Start at the line that contains "Thomas Gregory: Vamoosh" in the listing below and extract every line through the last, exactly; leave pictures out.

[Opening Dataset excerpt section]

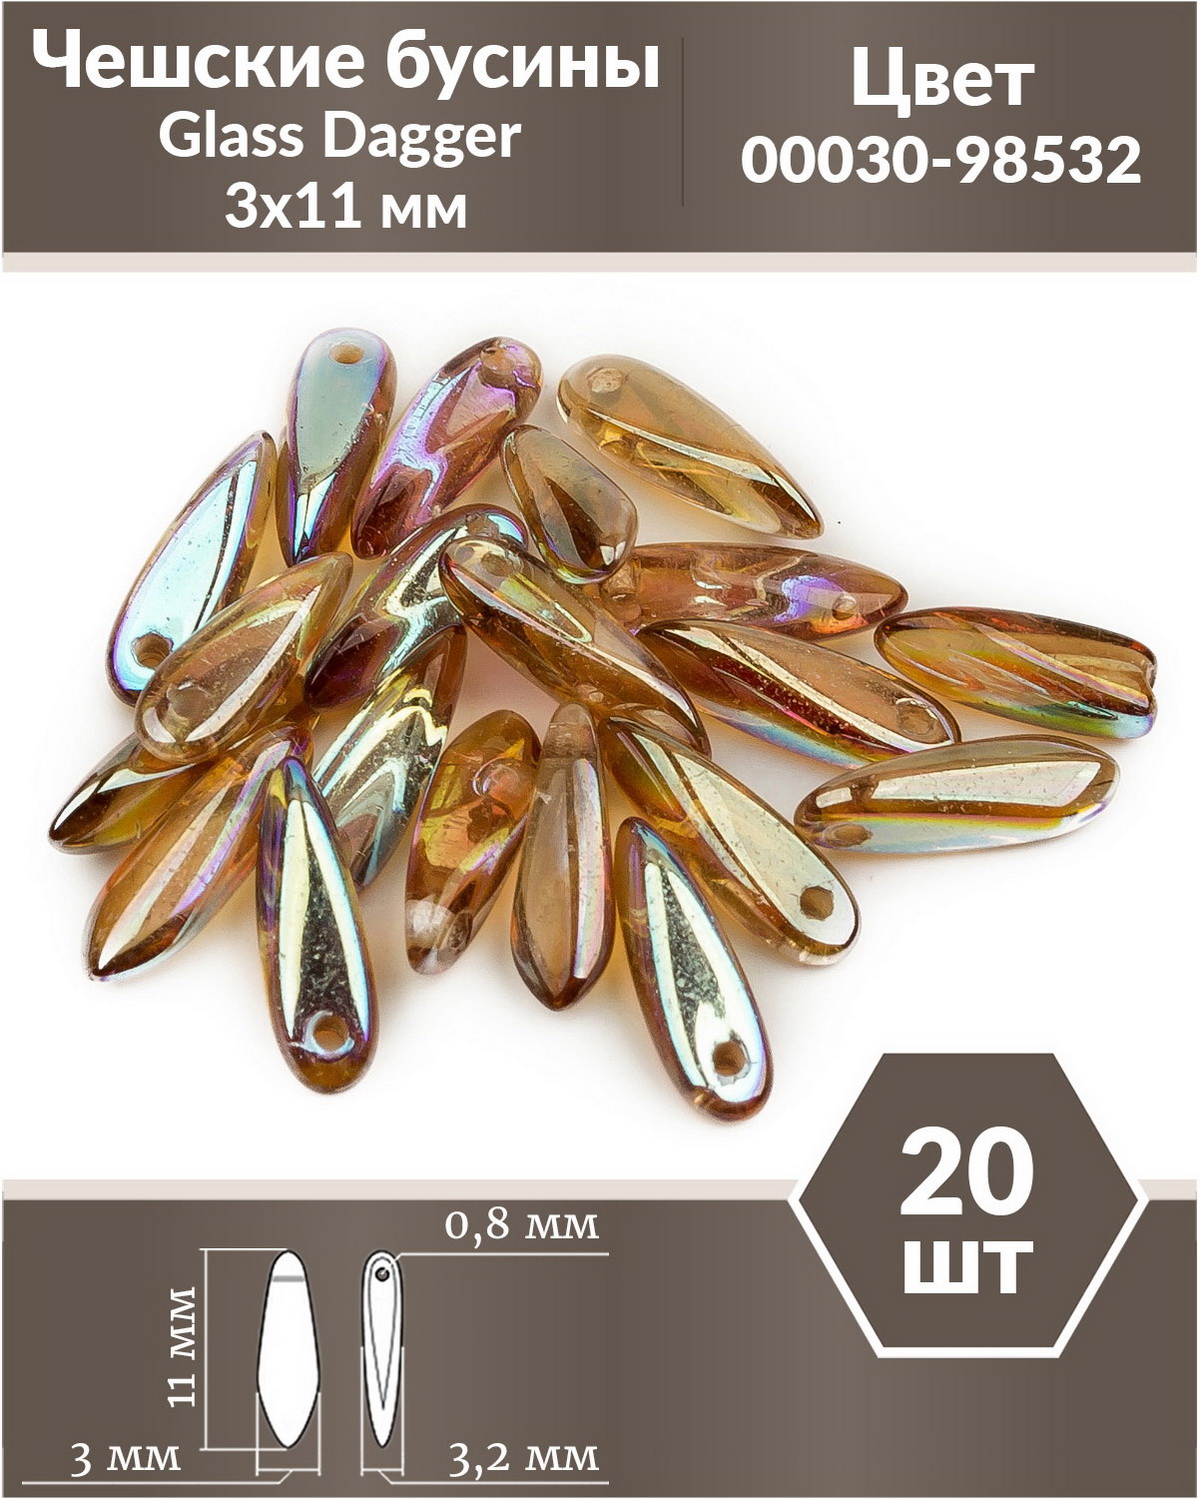 Чешские бусины Czech Beads Glass Dagger, 3х11 мм, Crystal Brown Rainbow 20 шт
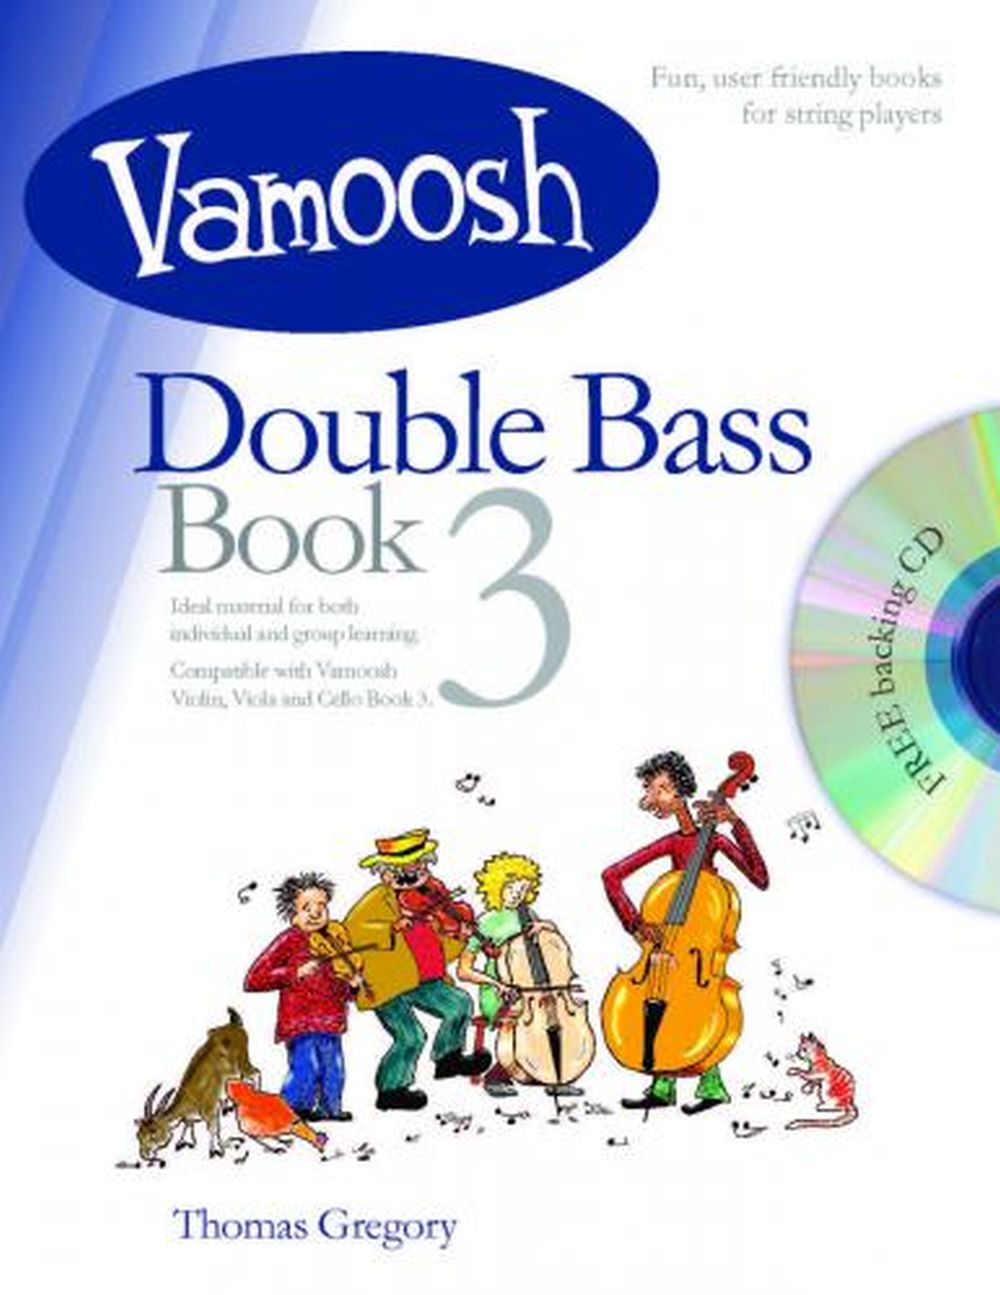 Thomas Gregory: Vamoosh Double Bass Book 3: Double Bass: Instrumental Tutor
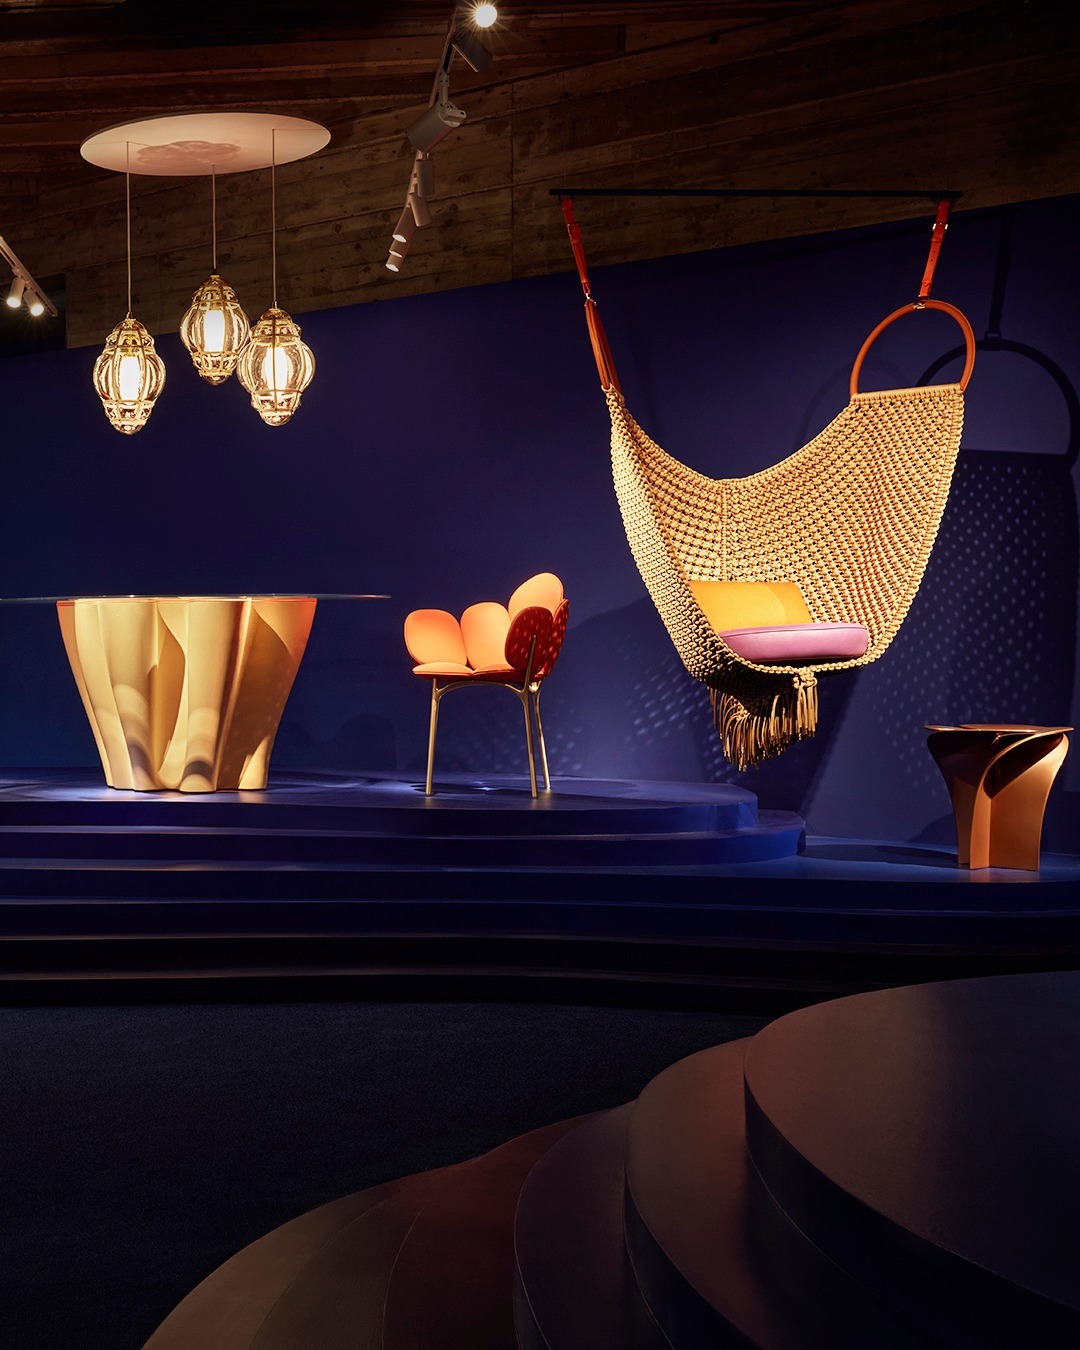 Louis Vuitton - Now Open: Mory Sacko at Louis Vuitton in

[Closing Dataset excerpt section]

Solution to this exercise:
 Thomas Gregory: Vamoosh Double Bass Book 3: Double Bass: Instrumental Tutor
 Louis Vuitton - Now Open: Mory Sacko at Louis Vuitton in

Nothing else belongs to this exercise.